- [PROVIDED MATERIAL]
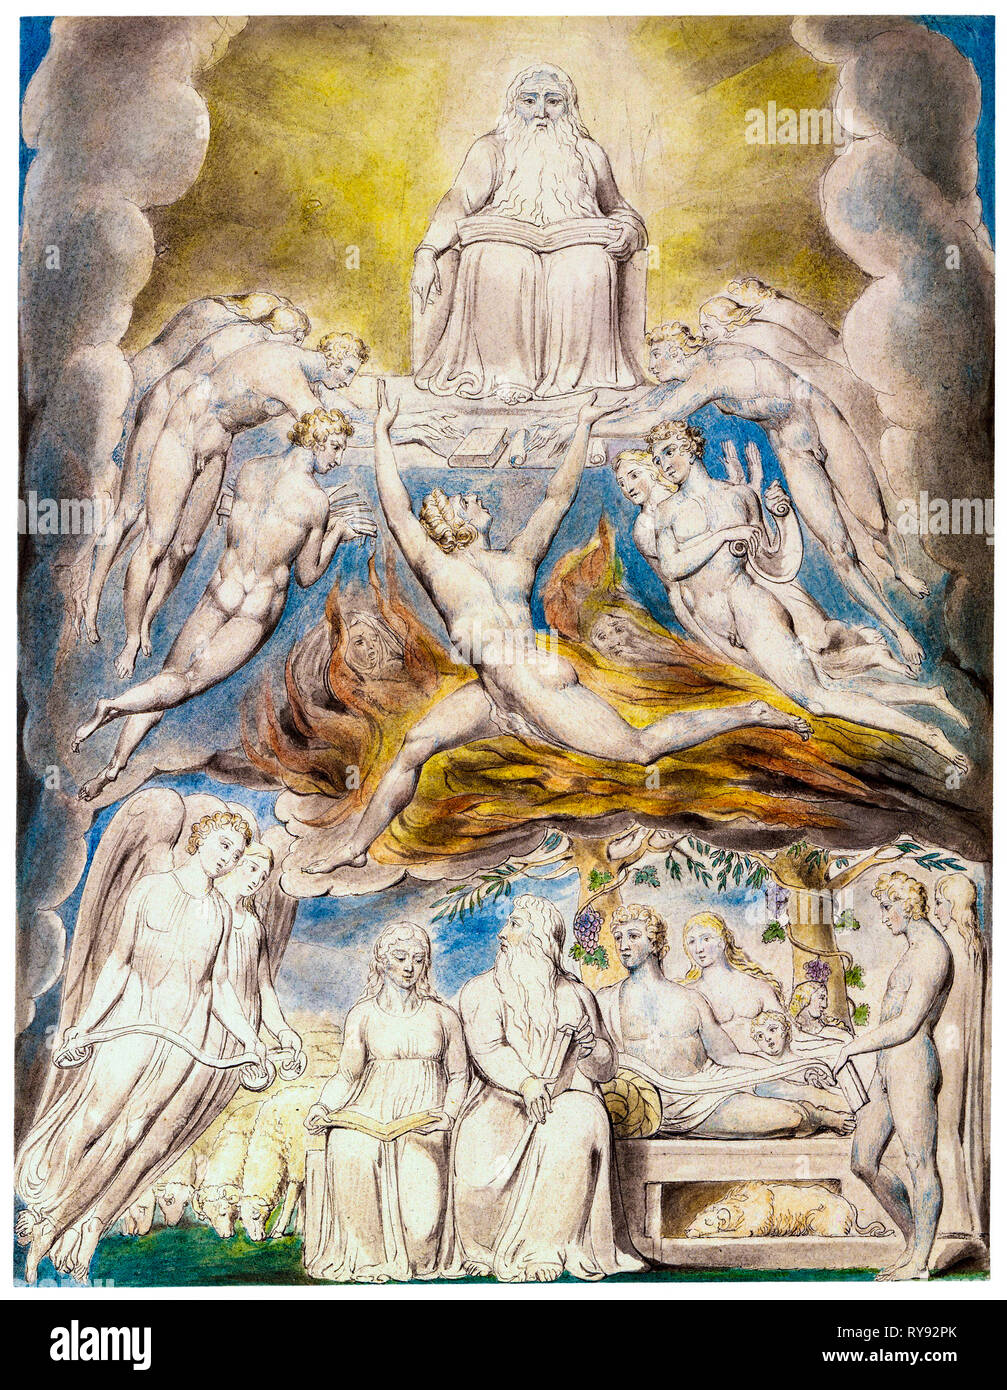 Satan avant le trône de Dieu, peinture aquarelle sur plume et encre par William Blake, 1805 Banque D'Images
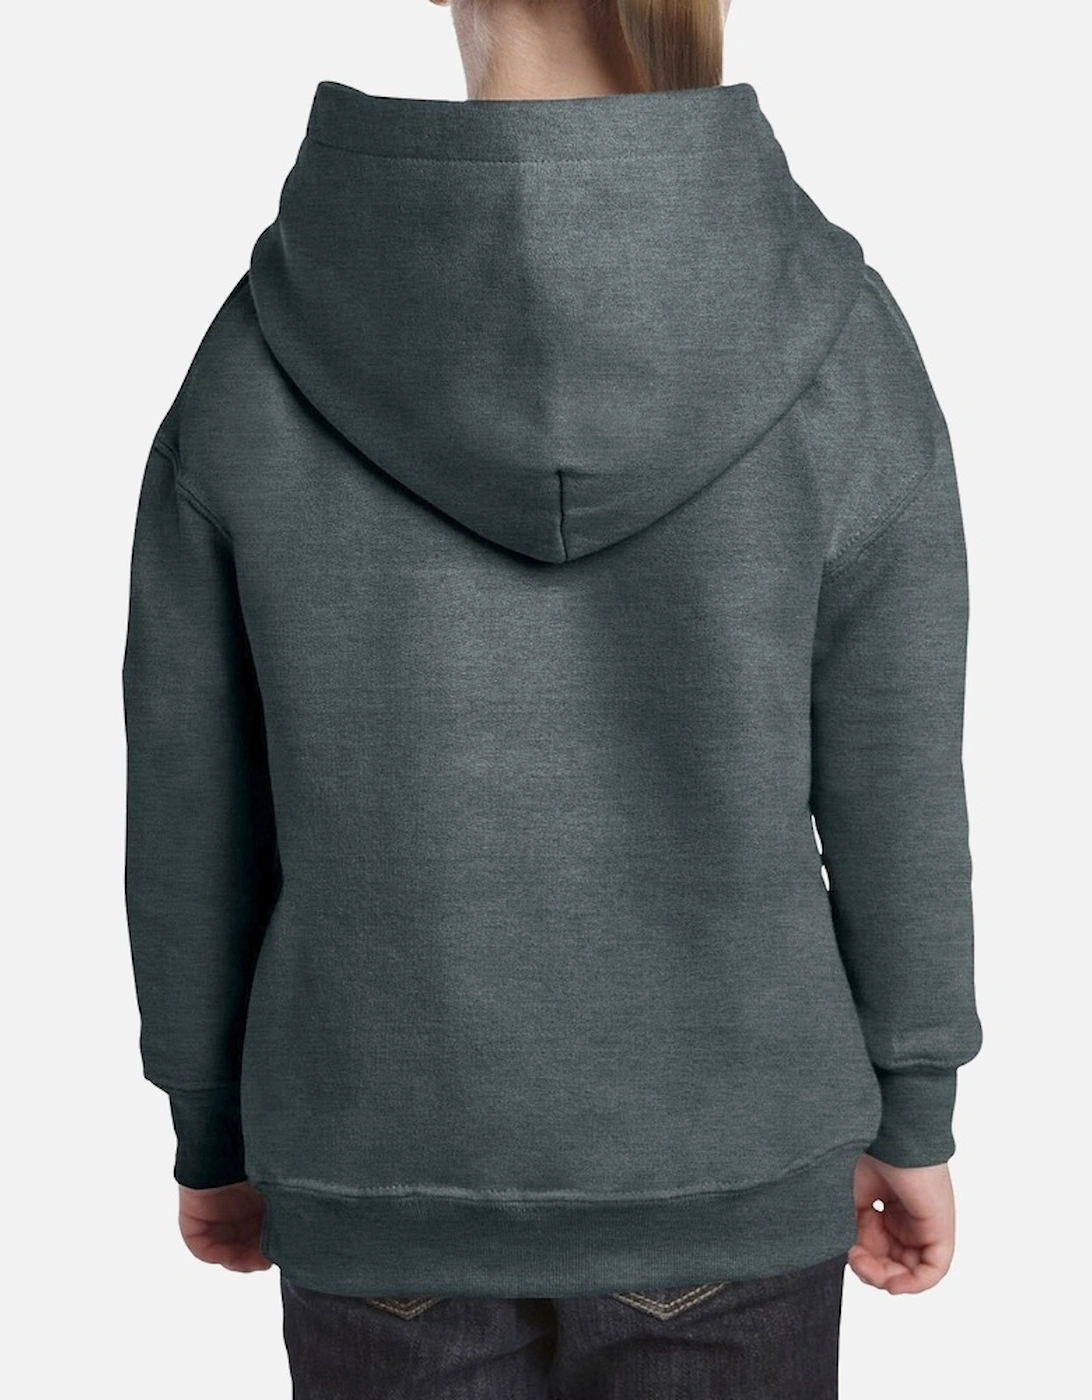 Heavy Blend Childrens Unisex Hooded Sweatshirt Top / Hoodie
==
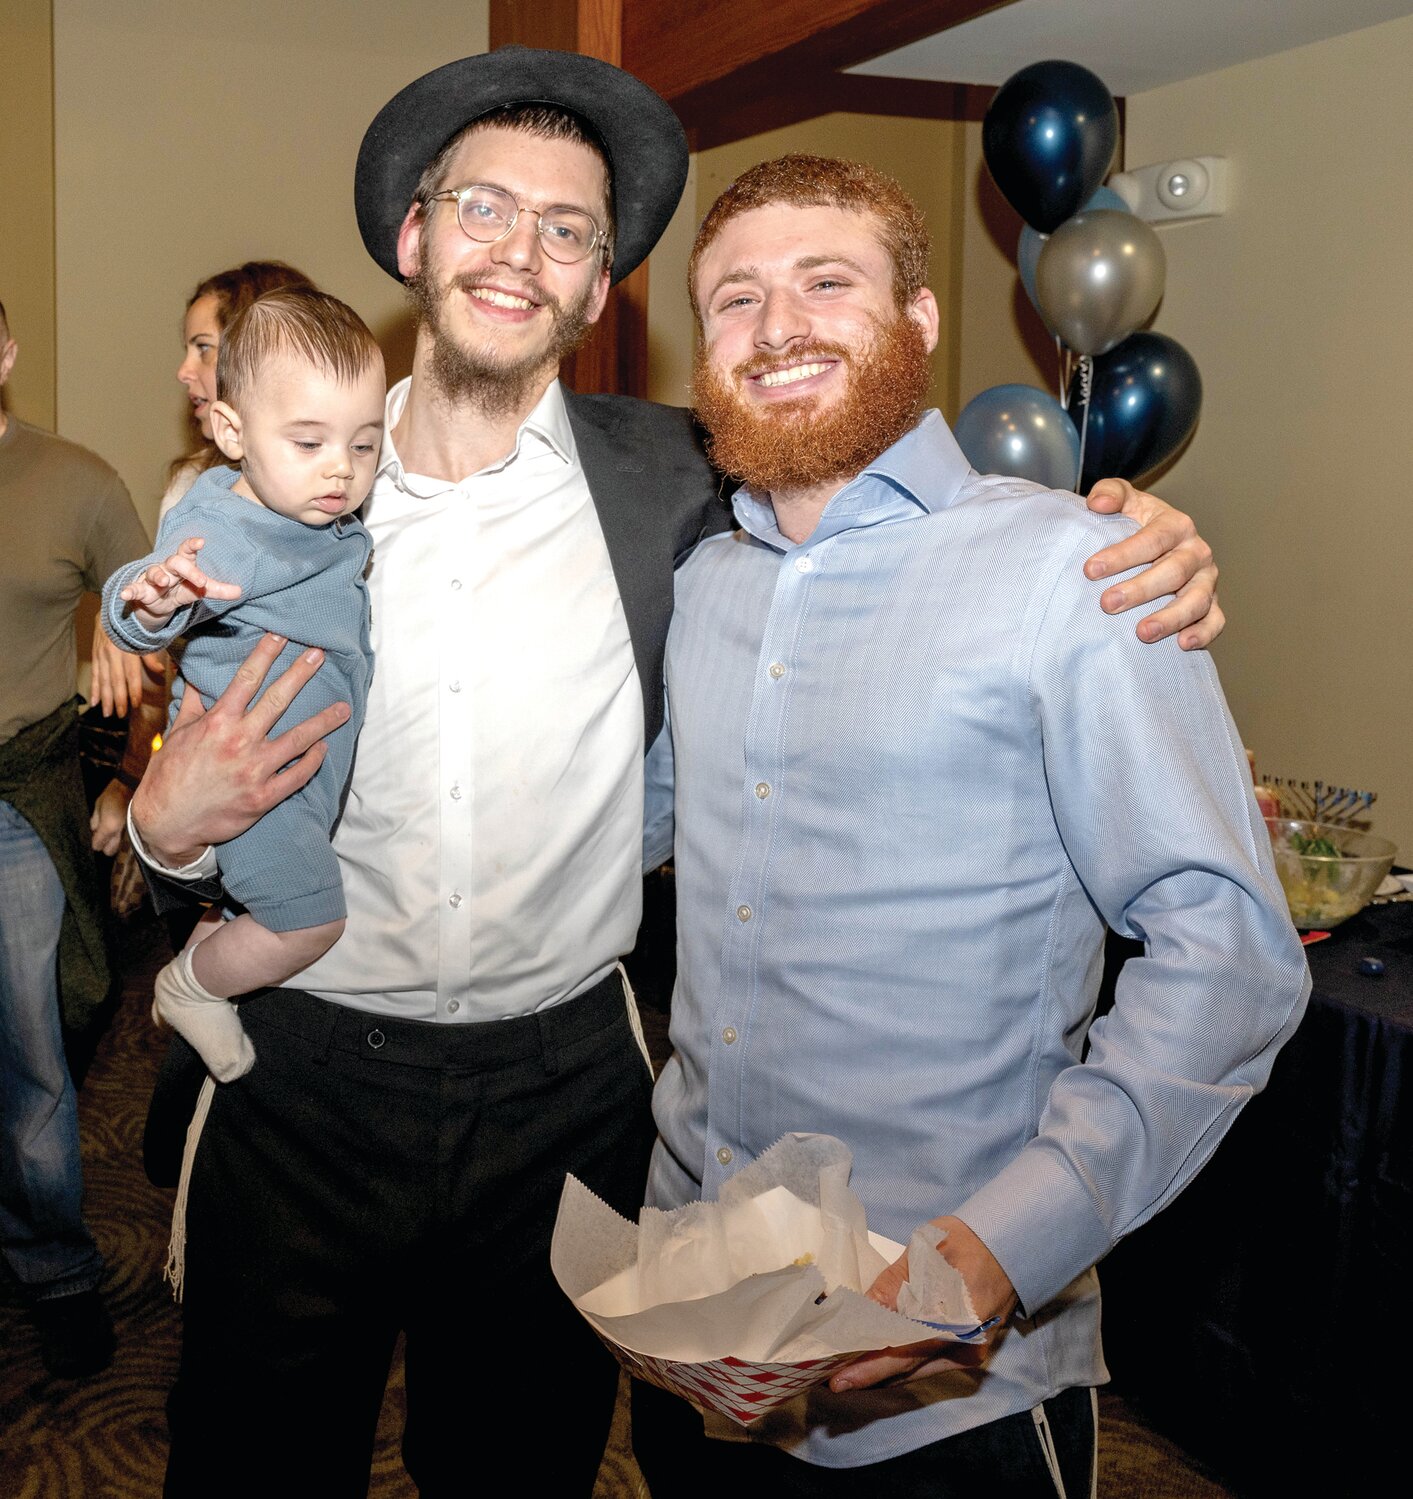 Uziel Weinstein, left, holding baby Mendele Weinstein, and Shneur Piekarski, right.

- [EXERCISE AIM] Copy only these lines from the records above, exactly: the one with "Satan avant le", the one with "Heavy Blend Childrens", and those between. Skip the pictures.

- [ANSWER AREA]
 Satan avant le trône de Dieu, peinture aquarelle sur plume et encre par William Blake, 1805 Banque D'Images
 Heavy Blend Childrens Unisex Hooded Sweatshirt Top / Hoodie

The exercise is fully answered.